Uzo Posted October 17, 2012 Posted October 17, 2012 Met and dated a guy briefly. I though we clicked well, and then he wrote and told me he needed space because he was (is) still heartbroken from the split with his ex. He also said there was a slim chance that they might get back together, but that it was uncertain. I found it distasteful that he would bring up his ex while pursuing me. It was a major turn off. He's back and said while he wasn't a 100% healed, that he felt comfortable at giving a new relationship a try. I declined. What do you think? I would appreciate your objectivity here. BTW, I
bluefairy812 Posted October 17, 2012 Posted October 17, 2012 oh no, hung up on ex = red flag. don't settle to be someone's rebound. it takes one to know one.
Author Uzo Posted October 17, 2012 Author Posted October 17, 2012 Also, he made mention of it not being fair to the ex for him to jump into another relationship immediately after the breakup--that this would be hurtful to his ex. I found this BS appalling... If the relationship is over, why would one worry about hurting the ex, thereby refusing to move on?

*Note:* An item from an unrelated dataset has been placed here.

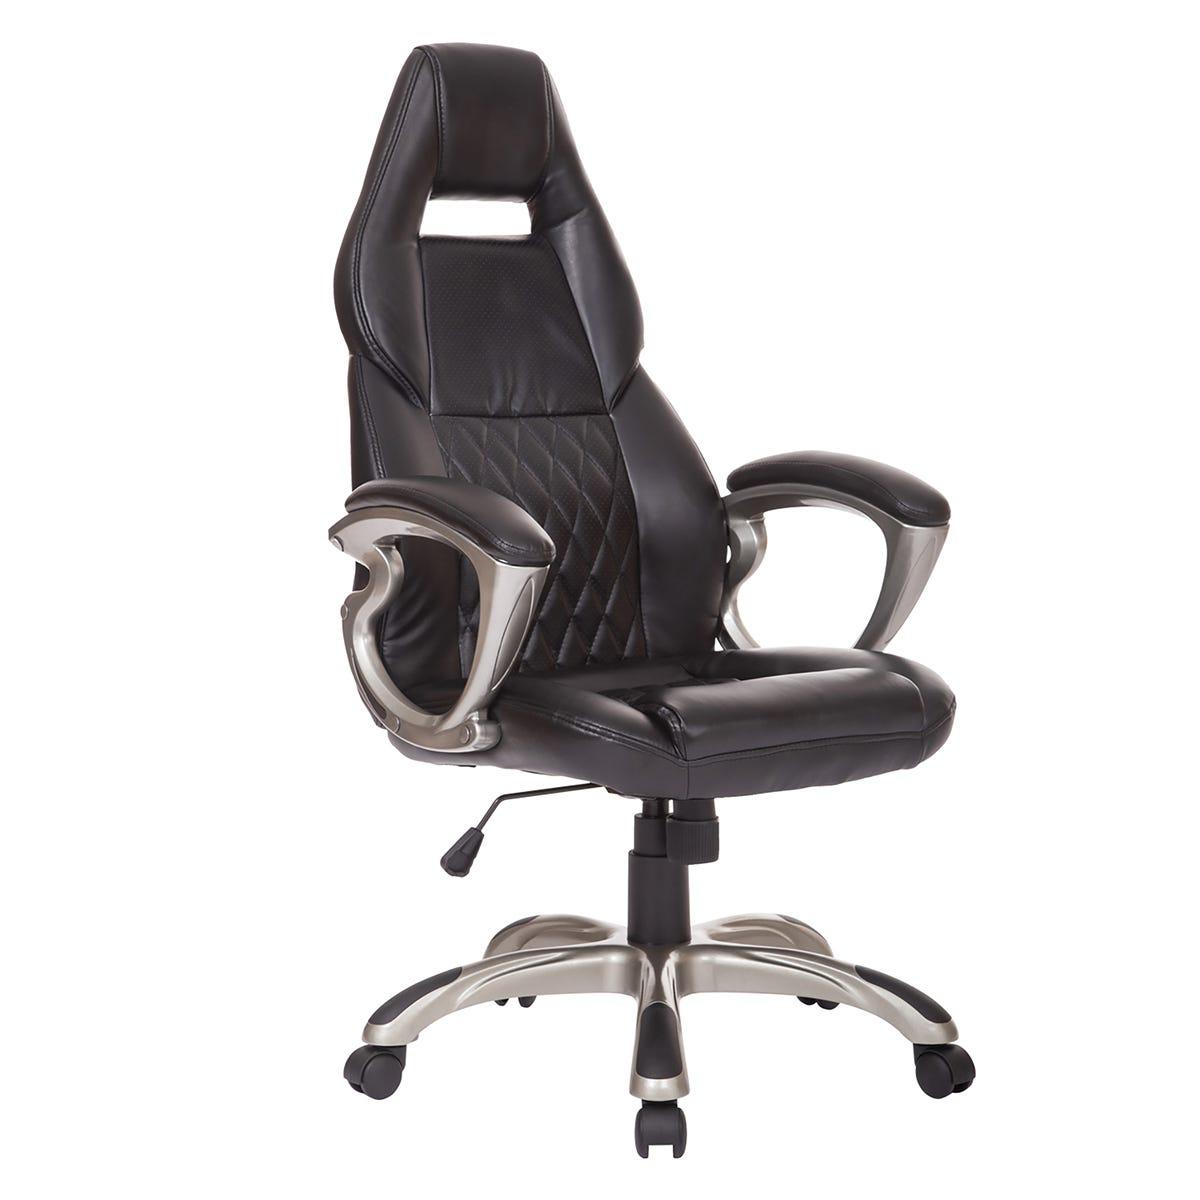 Zennor Verti PU Leather Office Chair - Black
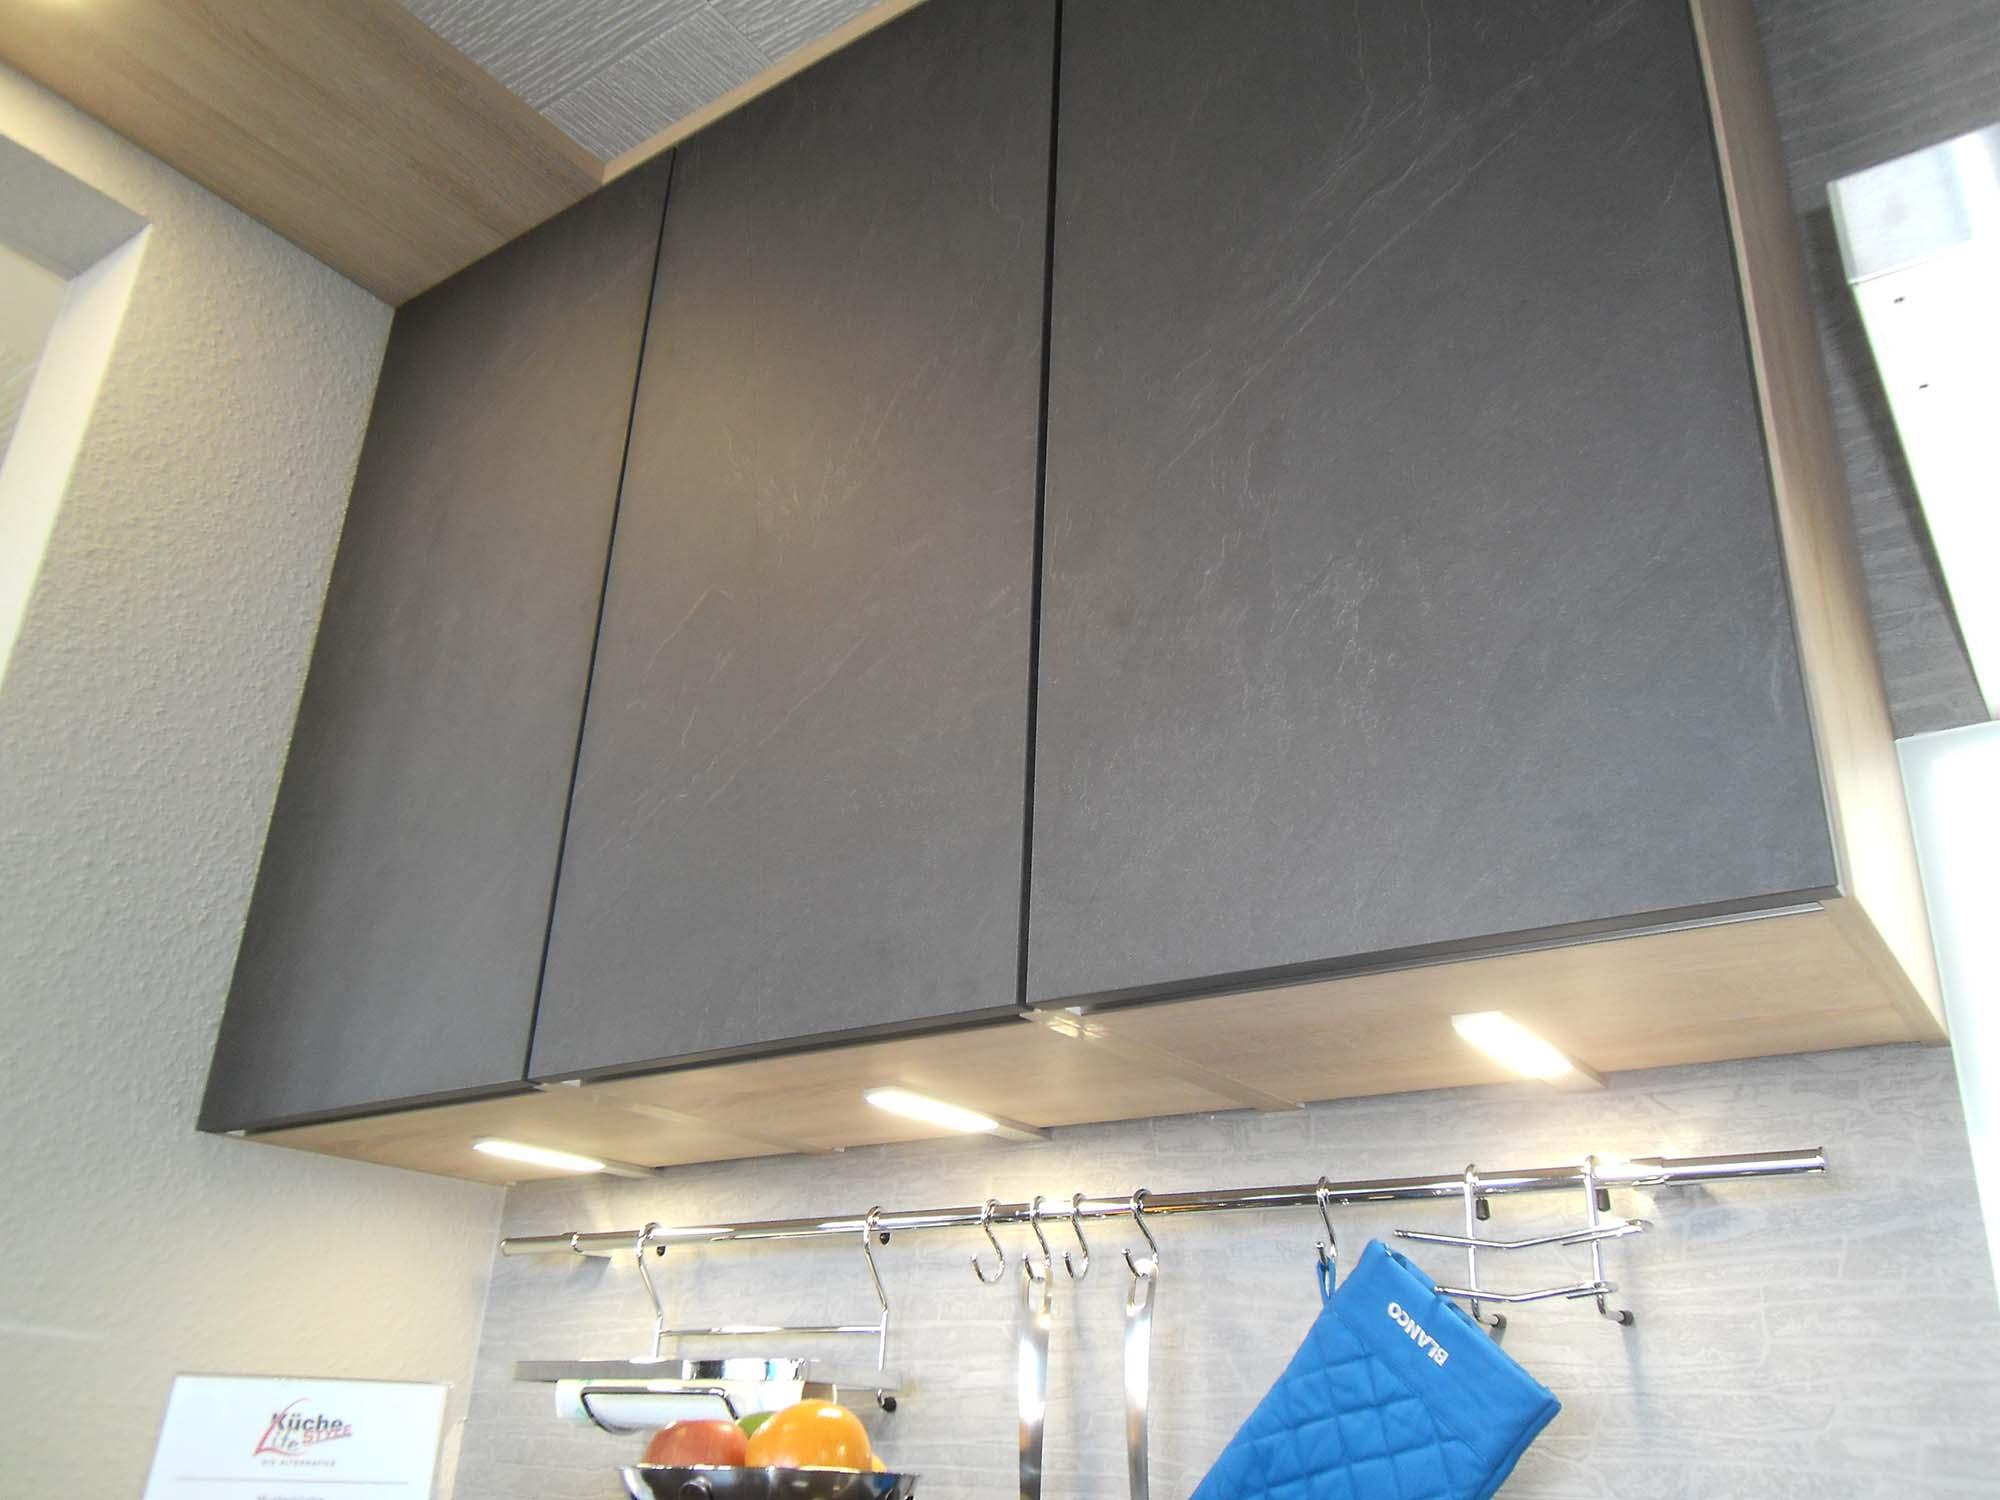 grifflose oberschr nke mit untergebauter led beleuchtung k che life style. Black Bedroom Furniture Sets. Home Design Ideas

geegirl Posted October 17, 2012 Posted October 17, 2012 Also, he made mention of it not being fair to the ex for him to jump into another relationship immediately after the breakup--that this would be hurtful to his ex. I found this BS appalling... If the relationship is over, why would one worry about hurting the ex, thereby refusing to move on? You did the right thing. It's not fair to the ex? It's not fair to you that he's suggesting a relationship when he's not healed and still has unresolved feelings for her. He "worries about her" because moving on would most likely close the door for reconciliation, if she ever found out he's with someone else or ever contemplated getting back with him. Translation: He worries for himself. Find someone that is emotionally open and available to having a relationship. You don't want to be the transition woman. 3
ffw Posted October 17, 2012 Posted October 17, 2012 He's still not over his last relationship & is still emotionally attached to her. He is just using as a rebound. Like Geegee mention find someone who is not playing games with you & can share a heathly relationship. It's not going to be easy, but it is better now than later. 1
KatZee Posted October 18, 2012 Posted October 18, 2012 Also, he made mention of it not being fair to the ex for him to jump into another relationship immediately after the breakup--that this would be hurtful to his ex. I found this BS appalling... If the relationship is over, why would one worry about hurting the ex, thereby refusing to move on? Yup. That's all it is. BS. Don't fall for it for a second. I learned this lesson the hard way. Except my now ex boyfriend told me he was over his ex. Hadn't been in love with her for years. Blah blah blah. So I proceeded. He too pulled the "we can't make it public so soon after the split with her b/c it'll hurt her." Yeah, OK? You dumped her. It doesn't get any more hurtful than that. Turns out he wasn't so over his ex as he so claimed b/c he wound up cheating on me with her.
Liz2012 Posted October 18, 2012 Posted October 18, 2012 He's just not ready. You can get angry at him but it takes a while to be ready after one relationship ends before you're fully ready for the next. If you really like him, give him some months to heal and you never know 1
JustALittleBit Posted October 18, 2012 Posted October 18, 2012 100% right decision. Trust me, I was with someone who claimed to be ready for a relationship... he justified it by saying he didn't miss her so that meant was over her. But clearly he was not because things from the break up still bothered him, and he still had this weird caring for her thing... I think he basically was still in love with her and hadn't genuinely let go. The effect of all this upon our relationship = we were good to go at the beginning, but as we got deeper into it he put up these barriers and wouldn't let me in, so I felt horrible. Because he couldn't give himself to me, we lacked intimacy... I'd be there just wishing he'd like me and give me a sign, but he held back. And so I never felt good enough. I also suspect he brought the unresolved issues from the last relationship into ours because his reactions to things were sometimes really unwarranted, like we'd have an argument and he'd accuse me of something, and I'd be like wtf??? That doesn't reflect me at all... Basically it ruins self esteem, don't go there!!! I'd break ties and if in a few months he tracks you down, maybe give it a go because he's gone through the effort of tracking you down. Otherwise you will just be a person to replace the last, but not genuinely liked for YOU.